Problem details: Start at the line below containing "À PROPOS DE L'ARTISTE" and stop at the line containing "PLEIN SPORT T-Shirt". Repeat every line of that stretch exactly, and nothing outside it.

━━ Source data ━━

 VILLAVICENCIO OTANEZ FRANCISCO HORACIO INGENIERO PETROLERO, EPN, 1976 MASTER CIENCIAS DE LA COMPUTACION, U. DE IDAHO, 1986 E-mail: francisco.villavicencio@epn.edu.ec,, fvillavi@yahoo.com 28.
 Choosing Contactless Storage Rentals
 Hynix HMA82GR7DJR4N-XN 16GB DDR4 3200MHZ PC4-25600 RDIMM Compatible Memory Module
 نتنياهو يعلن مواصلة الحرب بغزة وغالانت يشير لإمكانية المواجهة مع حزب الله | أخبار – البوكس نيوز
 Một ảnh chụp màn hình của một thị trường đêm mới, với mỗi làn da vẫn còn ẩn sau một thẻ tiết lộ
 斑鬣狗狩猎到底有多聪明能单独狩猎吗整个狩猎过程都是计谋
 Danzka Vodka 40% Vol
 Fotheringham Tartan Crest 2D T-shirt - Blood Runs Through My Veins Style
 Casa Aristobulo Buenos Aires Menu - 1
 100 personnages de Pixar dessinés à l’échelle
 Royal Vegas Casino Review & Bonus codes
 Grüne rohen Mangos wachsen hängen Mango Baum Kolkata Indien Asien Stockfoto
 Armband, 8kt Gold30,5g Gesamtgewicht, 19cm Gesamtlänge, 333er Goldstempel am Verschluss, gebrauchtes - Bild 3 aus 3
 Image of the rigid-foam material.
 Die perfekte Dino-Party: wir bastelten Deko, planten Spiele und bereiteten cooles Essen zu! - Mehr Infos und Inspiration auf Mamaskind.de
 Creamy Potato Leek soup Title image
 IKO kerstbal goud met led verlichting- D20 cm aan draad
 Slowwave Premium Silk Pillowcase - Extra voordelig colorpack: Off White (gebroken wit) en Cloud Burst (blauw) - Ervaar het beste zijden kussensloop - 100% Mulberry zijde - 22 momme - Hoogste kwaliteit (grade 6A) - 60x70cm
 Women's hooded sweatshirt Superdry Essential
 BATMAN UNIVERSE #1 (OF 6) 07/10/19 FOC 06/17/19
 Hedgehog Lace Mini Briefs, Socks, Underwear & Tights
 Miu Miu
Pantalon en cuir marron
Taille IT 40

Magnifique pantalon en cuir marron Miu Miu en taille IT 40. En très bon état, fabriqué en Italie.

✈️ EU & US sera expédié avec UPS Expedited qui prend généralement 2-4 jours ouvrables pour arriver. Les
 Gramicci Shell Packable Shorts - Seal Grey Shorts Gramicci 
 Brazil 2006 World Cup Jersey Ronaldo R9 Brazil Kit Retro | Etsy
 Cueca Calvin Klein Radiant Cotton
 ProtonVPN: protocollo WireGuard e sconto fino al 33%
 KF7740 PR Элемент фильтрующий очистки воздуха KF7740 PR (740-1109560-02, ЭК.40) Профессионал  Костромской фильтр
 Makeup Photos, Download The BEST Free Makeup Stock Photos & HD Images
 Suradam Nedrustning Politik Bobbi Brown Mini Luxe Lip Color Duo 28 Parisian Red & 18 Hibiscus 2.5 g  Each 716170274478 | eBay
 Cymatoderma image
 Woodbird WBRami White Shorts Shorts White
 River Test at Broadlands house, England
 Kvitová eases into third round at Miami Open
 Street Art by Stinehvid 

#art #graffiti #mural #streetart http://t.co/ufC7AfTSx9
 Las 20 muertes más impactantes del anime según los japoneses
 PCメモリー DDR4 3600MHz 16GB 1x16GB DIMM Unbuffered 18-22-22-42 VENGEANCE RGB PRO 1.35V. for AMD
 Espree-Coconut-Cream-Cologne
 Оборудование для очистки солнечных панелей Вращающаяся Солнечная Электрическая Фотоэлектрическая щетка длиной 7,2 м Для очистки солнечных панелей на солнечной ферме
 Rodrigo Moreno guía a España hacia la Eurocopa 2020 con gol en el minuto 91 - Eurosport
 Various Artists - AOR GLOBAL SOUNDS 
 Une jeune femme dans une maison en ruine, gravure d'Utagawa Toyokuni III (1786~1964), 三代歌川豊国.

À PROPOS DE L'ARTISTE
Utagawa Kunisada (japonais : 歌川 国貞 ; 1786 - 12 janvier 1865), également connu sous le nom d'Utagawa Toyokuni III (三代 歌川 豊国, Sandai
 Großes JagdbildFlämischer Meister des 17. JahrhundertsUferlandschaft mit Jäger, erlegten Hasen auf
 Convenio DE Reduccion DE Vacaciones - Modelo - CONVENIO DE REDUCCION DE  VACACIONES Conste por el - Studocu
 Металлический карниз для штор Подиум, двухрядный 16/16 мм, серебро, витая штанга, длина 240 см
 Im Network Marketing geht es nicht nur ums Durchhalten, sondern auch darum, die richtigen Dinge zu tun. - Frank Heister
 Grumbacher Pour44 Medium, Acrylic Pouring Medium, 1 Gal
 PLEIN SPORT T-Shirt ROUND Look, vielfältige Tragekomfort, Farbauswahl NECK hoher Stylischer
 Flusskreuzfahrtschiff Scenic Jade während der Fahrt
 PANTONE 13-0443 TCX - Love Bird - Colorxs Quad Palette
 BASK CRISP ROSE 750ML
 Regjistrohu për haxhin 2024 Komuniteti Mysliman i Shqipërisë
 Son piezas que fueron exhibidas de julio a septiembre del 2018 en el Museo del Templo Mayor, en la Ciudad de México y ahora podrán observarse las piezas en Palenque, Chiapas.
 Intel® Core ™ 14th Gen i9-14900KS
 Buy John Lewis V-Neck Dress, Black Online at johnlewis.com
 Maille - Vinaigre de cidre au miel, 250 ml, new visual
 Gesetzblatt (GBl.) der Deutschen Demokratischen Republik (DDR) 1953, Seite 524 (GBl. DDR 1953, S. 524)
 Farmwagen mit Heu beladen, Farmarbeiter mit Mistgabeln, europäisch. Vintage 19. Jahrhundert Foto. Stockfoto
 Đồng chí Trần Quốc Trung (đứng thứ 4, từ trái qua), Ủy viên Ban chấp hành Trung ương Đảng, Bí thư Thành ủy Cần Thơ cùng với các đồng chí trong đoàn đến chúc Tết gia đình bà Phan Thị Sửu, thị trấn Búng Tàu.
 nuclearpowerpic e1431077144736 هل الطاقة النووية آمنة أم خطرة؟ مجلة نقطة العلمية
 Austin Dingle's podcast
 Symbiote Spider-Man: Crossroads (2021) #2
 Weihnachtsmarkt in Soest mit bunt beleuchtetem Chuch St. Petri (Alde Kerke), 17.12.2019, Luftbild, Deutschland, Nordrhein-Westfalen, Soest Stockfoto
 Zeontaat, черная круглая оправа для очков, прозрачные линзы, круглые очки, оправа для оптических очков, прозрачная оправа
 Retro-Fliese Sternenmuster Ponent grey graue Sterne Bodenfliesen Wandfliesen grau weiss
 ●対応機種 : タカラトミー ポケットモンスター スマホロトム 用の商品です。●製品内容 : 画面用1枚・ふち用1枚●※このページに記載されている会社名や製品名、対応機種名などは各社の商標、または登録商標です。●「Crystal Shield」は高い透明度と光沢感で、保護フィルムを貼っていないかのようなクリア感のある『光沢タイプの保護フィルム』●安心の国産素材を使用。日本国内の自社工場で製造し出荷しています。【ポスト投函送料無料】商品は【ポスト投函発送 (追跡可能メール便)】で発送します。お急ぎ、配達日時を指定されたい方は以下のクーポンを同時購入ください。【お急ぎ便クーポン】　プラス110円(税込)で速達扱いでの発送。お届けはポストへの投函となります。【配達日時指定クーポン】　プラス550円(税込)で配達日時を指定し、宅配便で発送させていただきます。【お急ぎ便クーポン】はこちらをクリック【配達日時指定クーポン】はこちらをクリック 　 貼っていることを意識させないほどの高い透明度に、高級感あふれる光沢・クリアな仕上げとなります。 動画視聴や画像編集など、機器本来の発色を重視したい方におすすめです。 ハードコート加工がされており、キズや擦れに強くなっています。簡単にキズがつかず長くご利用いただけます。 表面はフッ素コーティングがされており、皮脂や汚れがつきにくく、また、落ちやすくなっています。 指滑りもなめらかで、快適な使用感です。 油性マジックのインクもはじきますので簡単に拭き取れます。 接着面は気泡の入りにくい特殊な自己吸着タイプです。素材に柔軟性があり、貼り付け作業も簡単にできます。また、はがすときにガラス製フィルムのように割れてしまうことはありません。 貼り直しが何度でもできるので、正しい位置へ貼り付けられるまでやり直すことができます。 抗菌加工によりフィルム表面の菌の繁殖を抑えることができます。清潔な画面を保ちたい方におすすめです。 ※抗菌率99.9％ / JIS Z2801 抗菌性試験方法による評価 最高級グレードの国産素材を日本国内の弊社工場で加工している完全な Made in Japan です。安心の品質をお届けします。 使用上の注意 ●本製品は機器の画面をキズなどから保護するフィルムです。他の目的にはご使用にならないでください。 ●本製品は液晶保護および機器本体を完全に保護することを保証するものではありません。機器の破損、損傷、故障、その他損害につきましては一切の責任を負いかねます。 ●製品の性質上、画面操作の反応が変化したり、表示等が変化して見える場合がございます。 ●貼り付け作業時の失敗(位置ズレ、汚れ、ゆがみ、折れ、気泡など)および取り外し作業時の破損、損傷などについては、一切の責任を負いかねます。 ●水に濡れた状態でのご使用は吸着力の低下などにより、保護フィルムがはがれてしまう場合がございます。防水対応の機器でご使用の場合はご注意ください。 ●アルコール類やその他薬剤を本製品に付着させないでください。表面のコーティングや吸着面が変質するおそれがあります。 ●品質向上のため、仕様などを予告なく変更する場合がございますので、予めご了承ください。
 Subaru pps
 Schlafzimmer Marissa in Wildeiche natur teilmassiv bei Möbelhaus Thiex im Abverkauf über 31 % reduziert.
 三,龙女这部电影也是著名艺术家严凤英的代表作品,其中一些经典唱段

━━━

Output:
À PROPOS DE L'ARTISTE
Utagawa Kunisada (japonais : 歌川 国貞 ; 1786 - 12 janvier 1865), également connu sous le nom d'Utagawa Toyokuni III (三代 歌川 豊国, Sandai
 Großes JagdbildFlämischer Meister des 17. JahrhundertsUferlandschaft mit Jäger, erlegten Hasen auf
 Convenio DE Reduccion DE Vacaciones - Modelo - CONVENIO DE REDUCCION DE  VACACIONES Conste por el - Studocu
 Металлический карниз для штор Подиум, двухрядный 16/16 мм, серебро, витая штанга, длина 240 см
 Im Network Marketing geht es nicht nur ums Durchhalten, sondern auch darum, die richtigen Dinge zu tun. - Frank Heister
 Grumbacher Pour44 Medium, Acrylic Pouring Medium, 1 Gal
 PLEIN SPORT T-Shirt ROUND Look, vielfältige Tragekomfort, Farbauswahl NECK hoher Stylischer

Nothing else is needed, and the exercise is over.